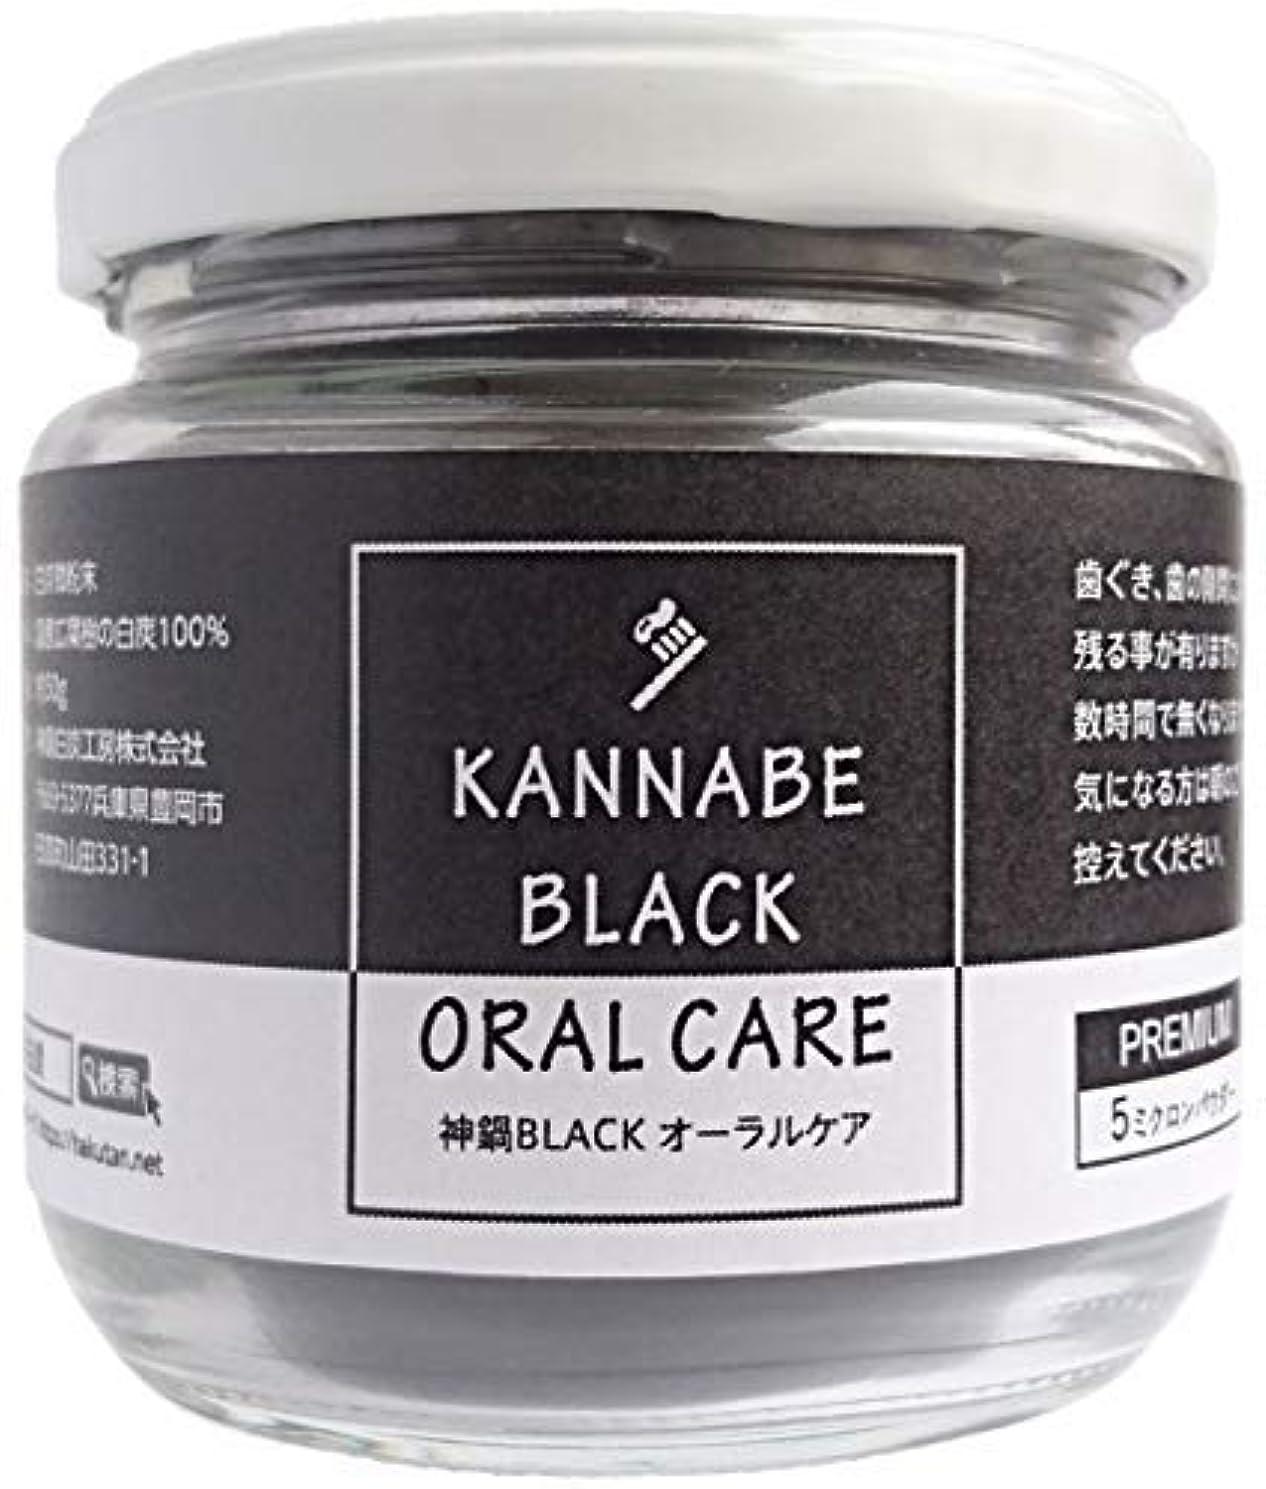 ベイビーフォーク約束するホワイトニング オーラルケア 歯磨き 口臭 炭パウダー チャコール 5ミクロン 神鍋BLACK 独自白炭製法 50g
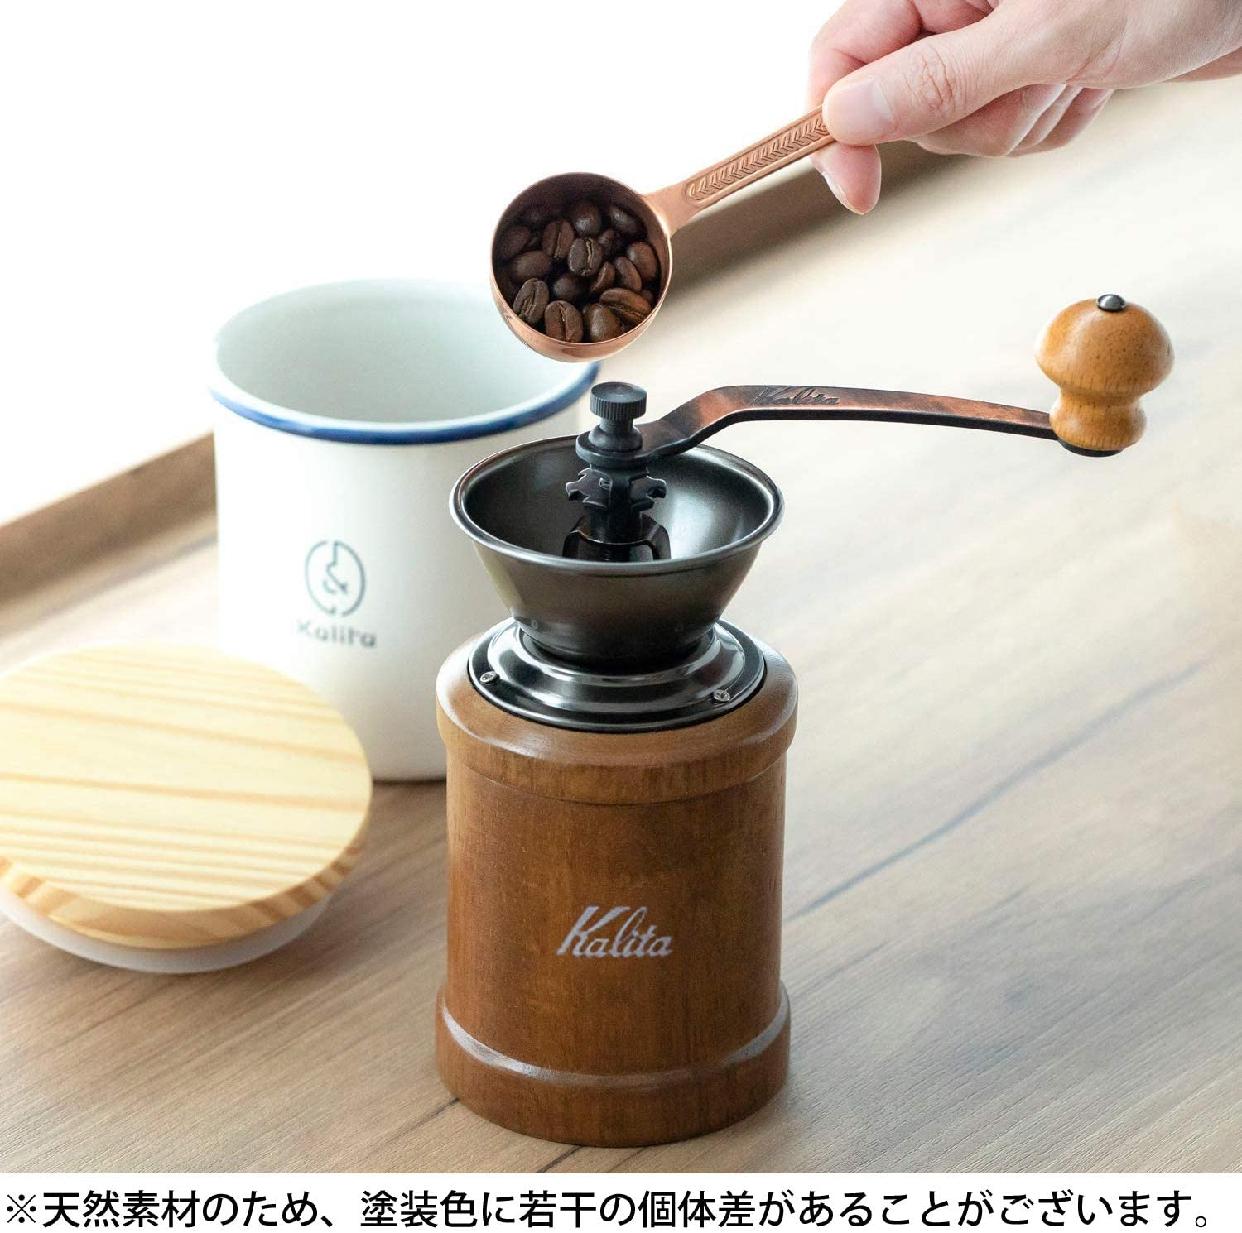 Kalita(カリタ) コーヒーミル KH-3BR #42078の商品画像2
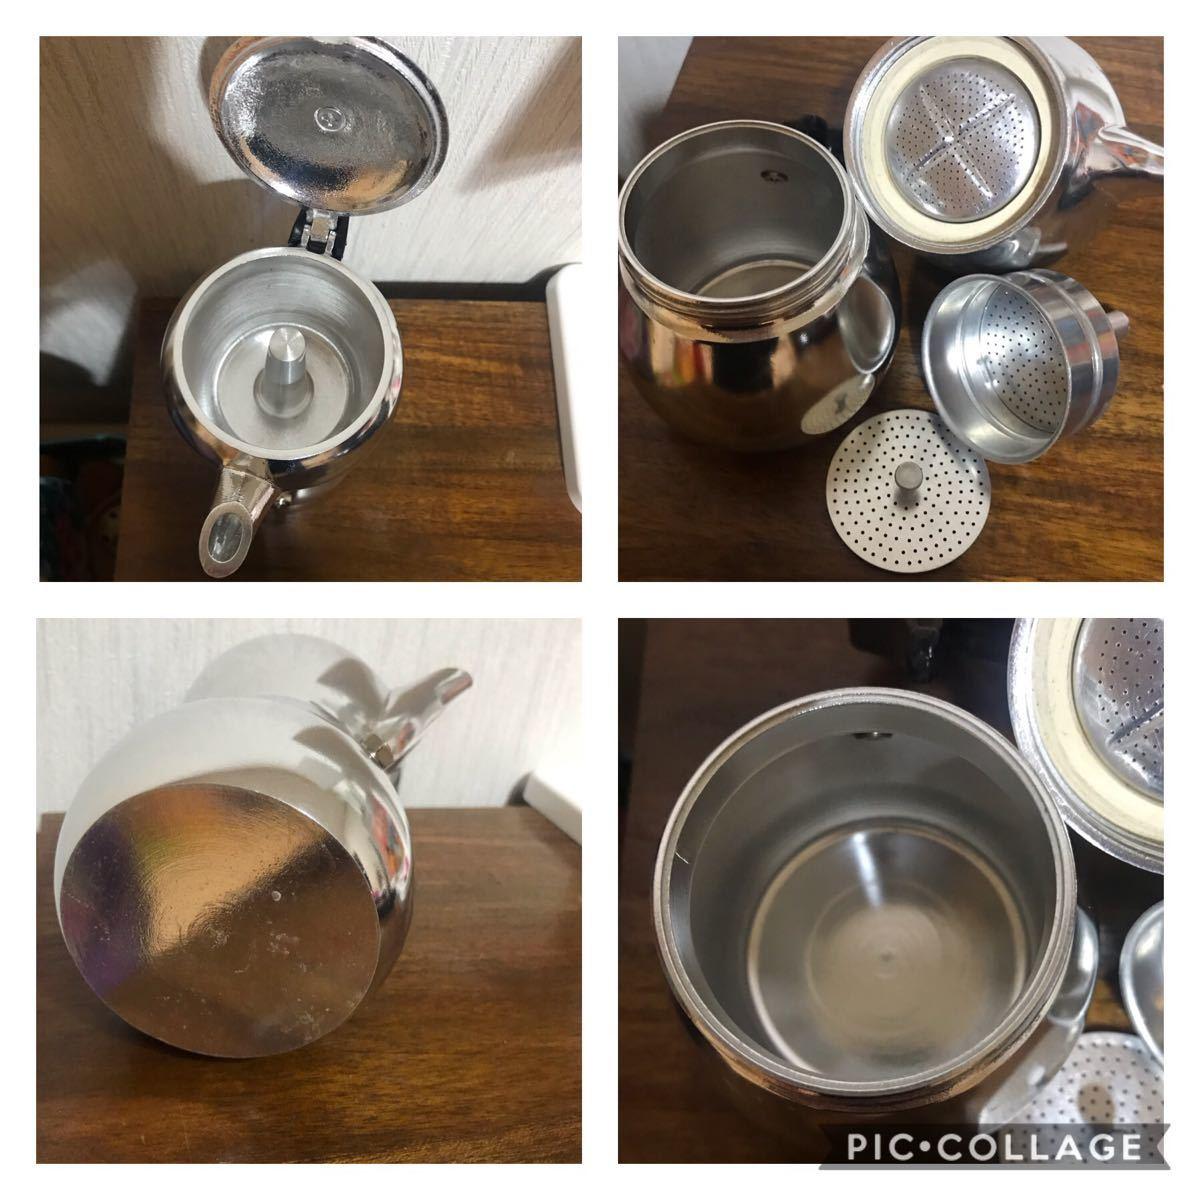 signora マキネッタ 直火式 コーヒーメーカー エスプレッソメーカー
****************************************
▶ [Aim of the task] Copy out the material above exactly; the images stay out.

▶ [Finished exercise]
 ベイビーフォーク約束するホワイトニング オーラルケア 歯磨き 口臭 炭パウダー チャコール 5ミクロン 神鍋BLACK 独自白炭製法 50g
 Kalita(カリタ) コーヒーミル KH-3BR #42078の商品画像2
 signora マキネッタ 直火式 コーヒーメーカー エスプレッソメーカー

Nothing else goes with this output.